Muferihat Kamil Ahmed (Amharic: ሙፈሪሃት ካሚል አሕመድ, mufärihat kamil ähmäd; born 1976) is an Ethiopian politician who is the current Minister of Labour and Skills Development since 2021. She was the Speaker of the House of Peoples' Representatives. Muferihat previously served as the first Minister of Peace from October 2018 to 6 October 2021. She was the Chair of the SEPDM (Southern Ethiopian People's Democratic Movement), one of the four parties that make up the former ruling coalition in Ethiopia, the EPRDF.

==Early life==
Muferihat was born in Jimma to ethnic Silt’e parents, one of southern Ethiopian peoples. She is a Sunni Muslim.

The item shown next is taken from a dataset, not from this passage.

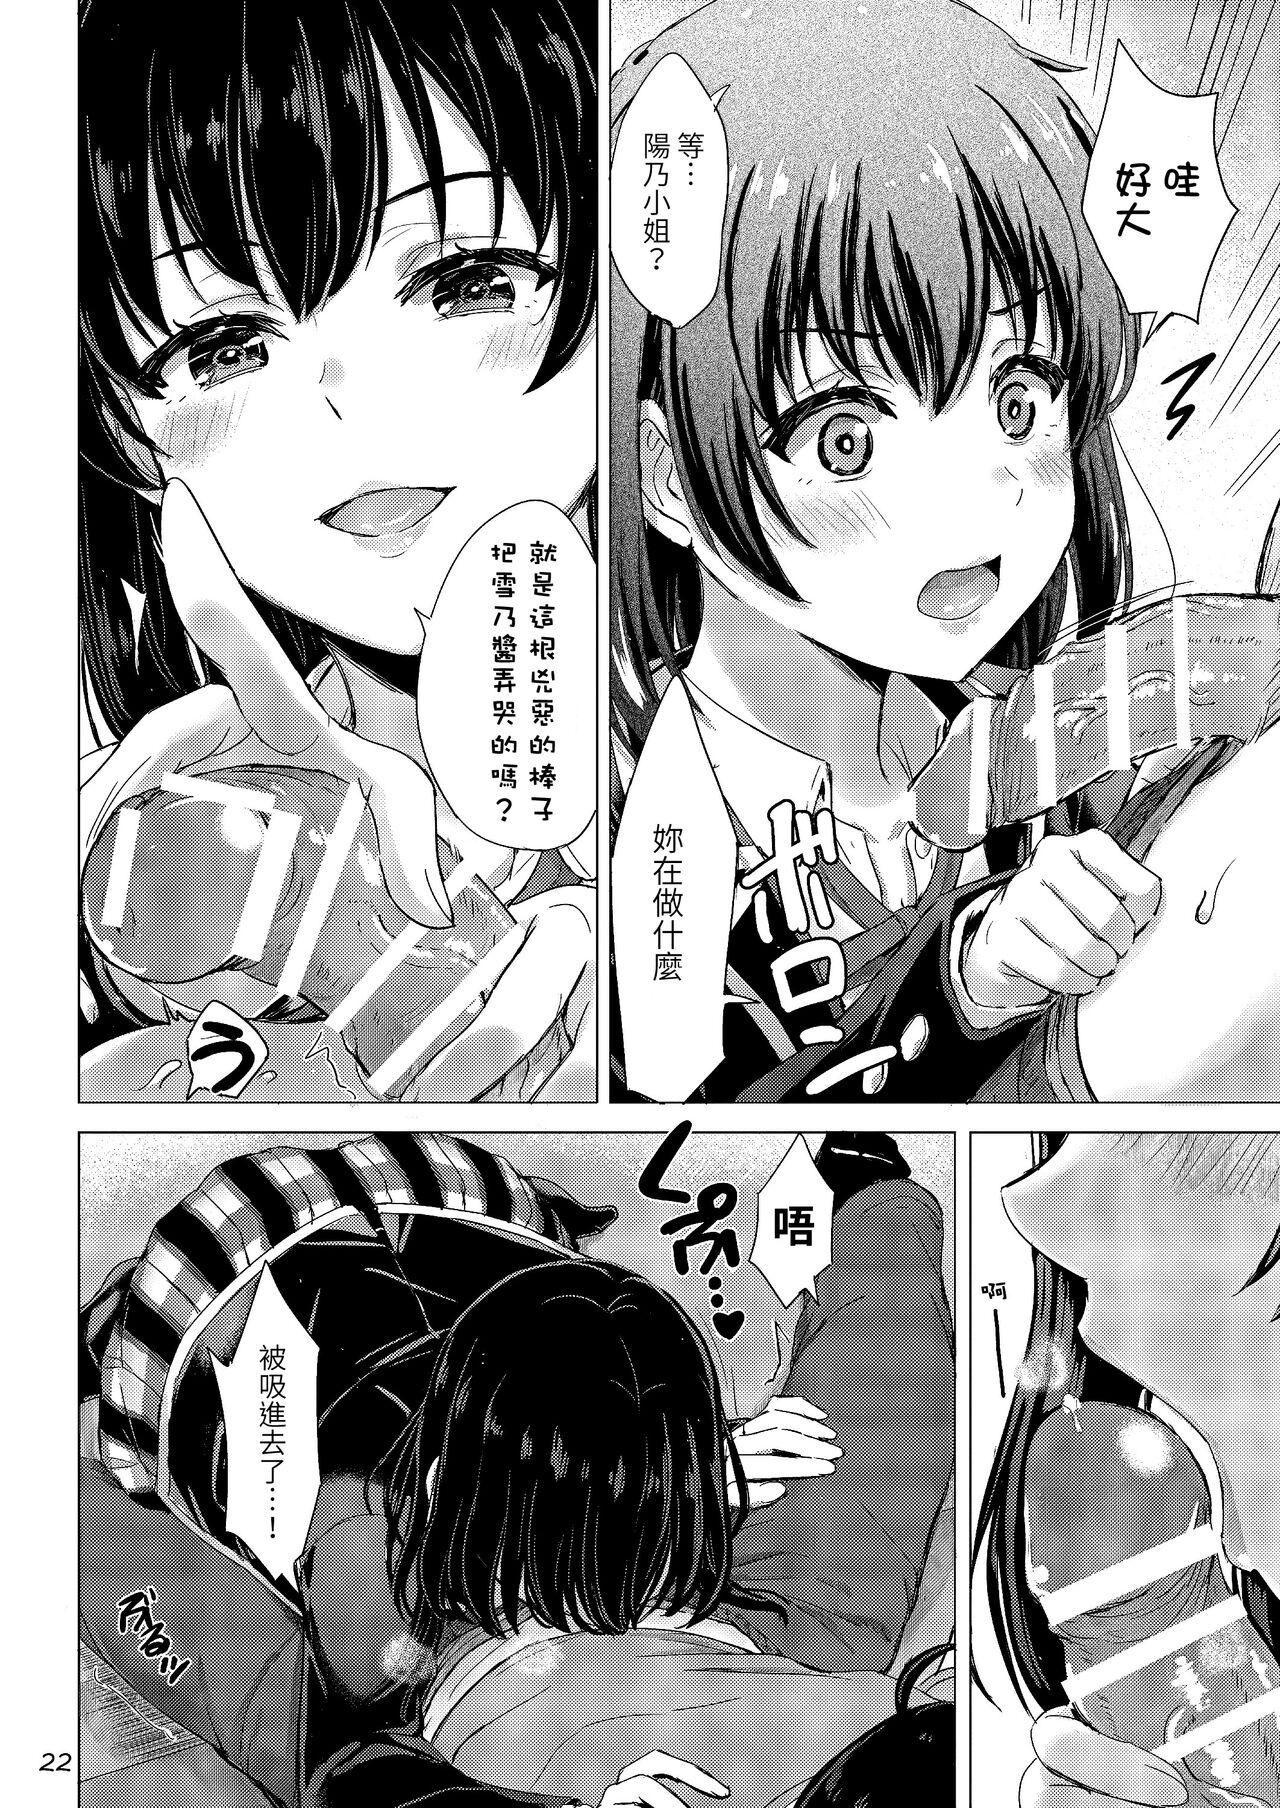 Yukinoshita Shimai to Iyarashii Futari no Himegoto. - The Yukinoshita sisters each have sex with hachiman. 21

She attended Haramaya University, obtaining her BSc in Agriculture in 2000.

== Political career ==
Muferihat was appointed Public Relations Advisor to the Southern Nations, Nationalities and Peoples' Region (SNNPR) President in 2007. She was named as Minister of Women's Affairs of Ethiopia in 2008. She was named as Speaker of the House of Peoples' Representatives in April 2018, making her the first female to hold the post.

In October 2018, Muferihat was appointed Minister of Peace, a powerful ministry overseeing agencies including the National Intelligence and Security Service (NISS), the Information Network Security Agency (INSA), and the Federal Police Commission.